Sunday, July 31, 2005

Weekend reading

LSE professor John Gray on Thomas Friedman and globalization in NY Review of books.

Globalization has no inherent tendency to promote the free market or liberal democracy. Neither does it augur an end to nationalism or great-power rivalries Describing a long conversation with the CEO of a smal Indian game company in Bangalore, Friedman recount the entrepreneur concluding: "India is going to be superpower and we are going to rule." Friedman replies: "Rule whom?" Friedman's response suggests that the present phase of globalization is tending to make imbalances of power between states irrelevant. In fact what it is doing is creating new great powers, and this is one of the reasons it has been embraced in China and India

Neoliberals interpret globalization as being driven by a search for greater productivity, and view nationalism as a kind of cultural backwardness that acts mainly to slow this process. Yet the economic takeoff in both England and the US occurred against the background of a strong sense of nationality, and nationalist resistance to Western power was a powerful stimulus of economic development in Meiji Japan.

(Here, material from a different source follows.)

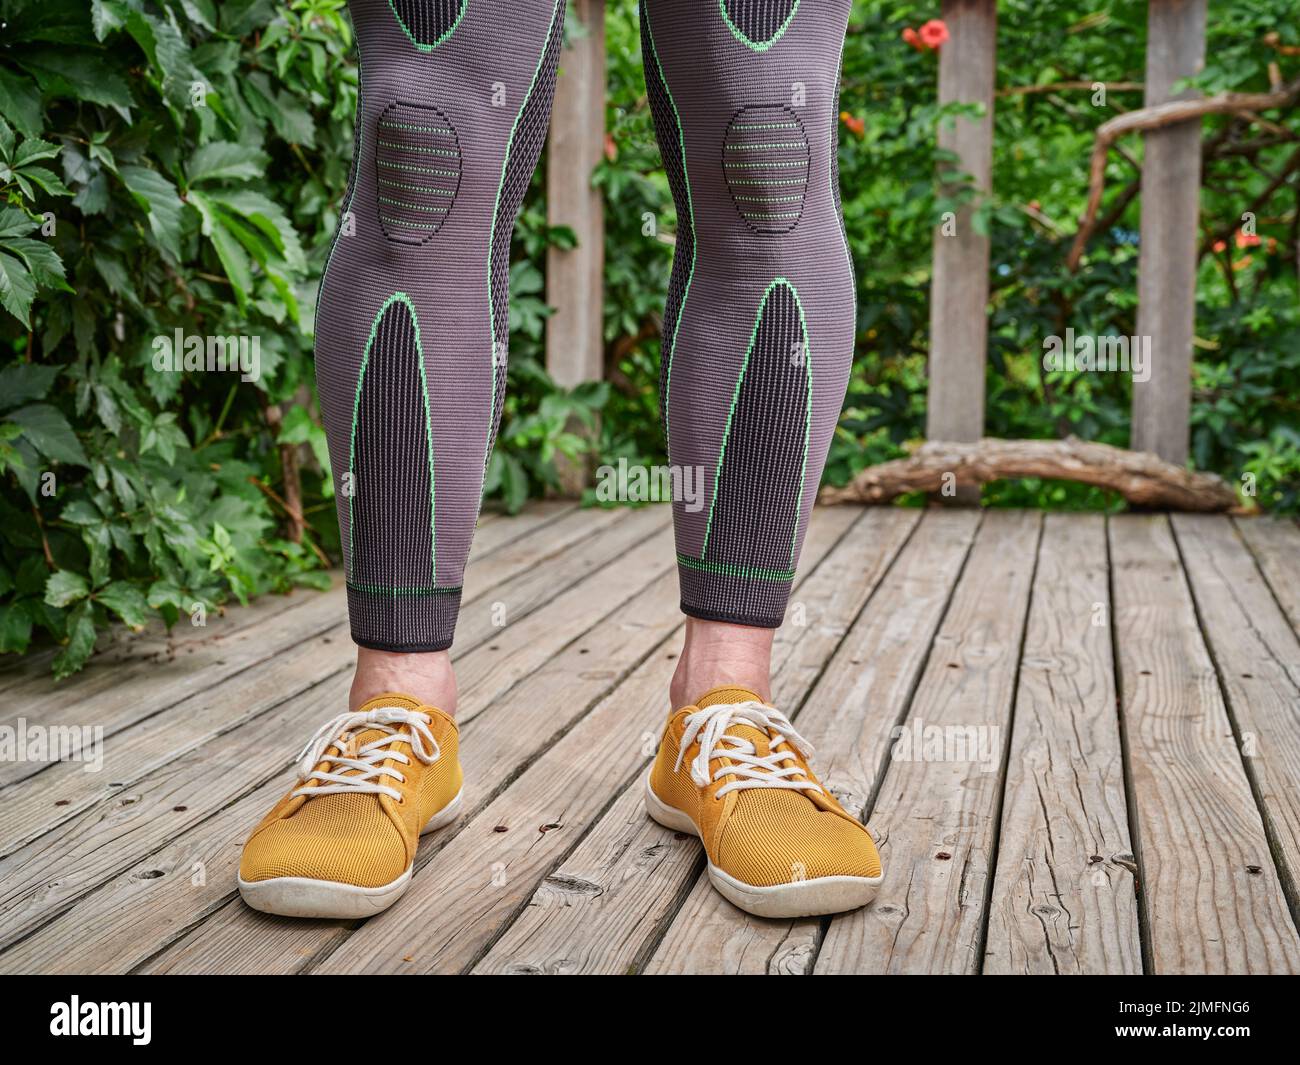 piernas masculinas en mangas de compresión que promueven la circulación sanguínea y el flujo de oxígeno para aliviar el dolor de rodilla y pantorrilla Foto de stock

Nationalism fueled the rapid growth of capitalism in the nineteenth and early twentieth centuries,[2] and is doing the same in China and India at the present time. In both countries globalization is being embraced not only because of the prosperity it makes possible, but also for the opportunity it creates to challenge Western hegemony. As China and India become great powers they will demand recognition of their distinctive cultures and values, and international institutions will have to be reshaped to reflect the legitimacy of a variety of economic and political models. At that point the universal claims of the United States and other Western nations will be fundamentally challenged, and the global balance of power will shift.

Interview with BCA Research economist Martin Barnes on our strange and fascinating low-return macro times.

Why do you see inflation staying low? Yeah, we've had the almost perfect conditions for inflation in the last few years. The Fed has run a very stimulative monetary policy. We have run big budget deficits. We have driven the dollar down. To top it off, oil prices are up. We've had the perfect inflationary mix, and yet we haven't really had any inflation despite that.

If you look around the world, there is no evidence of inflation at all. China is perhaps the best place to prove it. Here is a country that has been growing at 9% to 10% and effectively adopted U.S. monetary policy by pegging its currency to the dollar. Yet there is no inflation in China at all. In fact, there is deflation, and that tells you there is something very powerful going on there in terms of a supply-side boom.

In the U.S., there are tough competitive conditions. And the Internet and technology in general is still a very powerful force for disinflation. There are pockets of inflation, but the overall picture isn't all that bad. The Fed's view is there is still a problem. They are worried about labor costs going up. But a lot of the inflation indicators we look at are rolling over. Producer prices are easing.

If the economy was to continue growing really strongly here, at a 4% clip for the next year, of course, there would be pressures on resources and the unemployment rate would fall and wages would go up. But that's not likely. The economy is going to do OK -- but I don't see it growing much above trend over the next year.


Would you expect to see capital expenditures stronger than they have been? The corporate sector is still in a post-bubble world after the information-technology boom. The Enron and WorldCom scandals have also shaken up the corporate world. Corporate executives are worried also about housing bubbles and trade deficits and protectionism. It is not an environment where companies feel that they want to be great heroes and strongly expansionist.

They are investing to become more efficient, but not expanding capacity in a big way. They could have invested more strongly, given how healthy cash flows have been, but they've been focusing more on repairing balance sheets and getting their financial house in order, taking the view that the markets are rewarding them more for stronger finances than they would for being expansionist.

That attitude might change gradually the longer the economy stays OK. Then the problem becomes slowing profit growth. It is hard to make the case for capital-spending growth to accelerate. It is probably going to weaken a bit. You end up with a decent economy, but it is not going to be growing at an inflationary pace, in my view.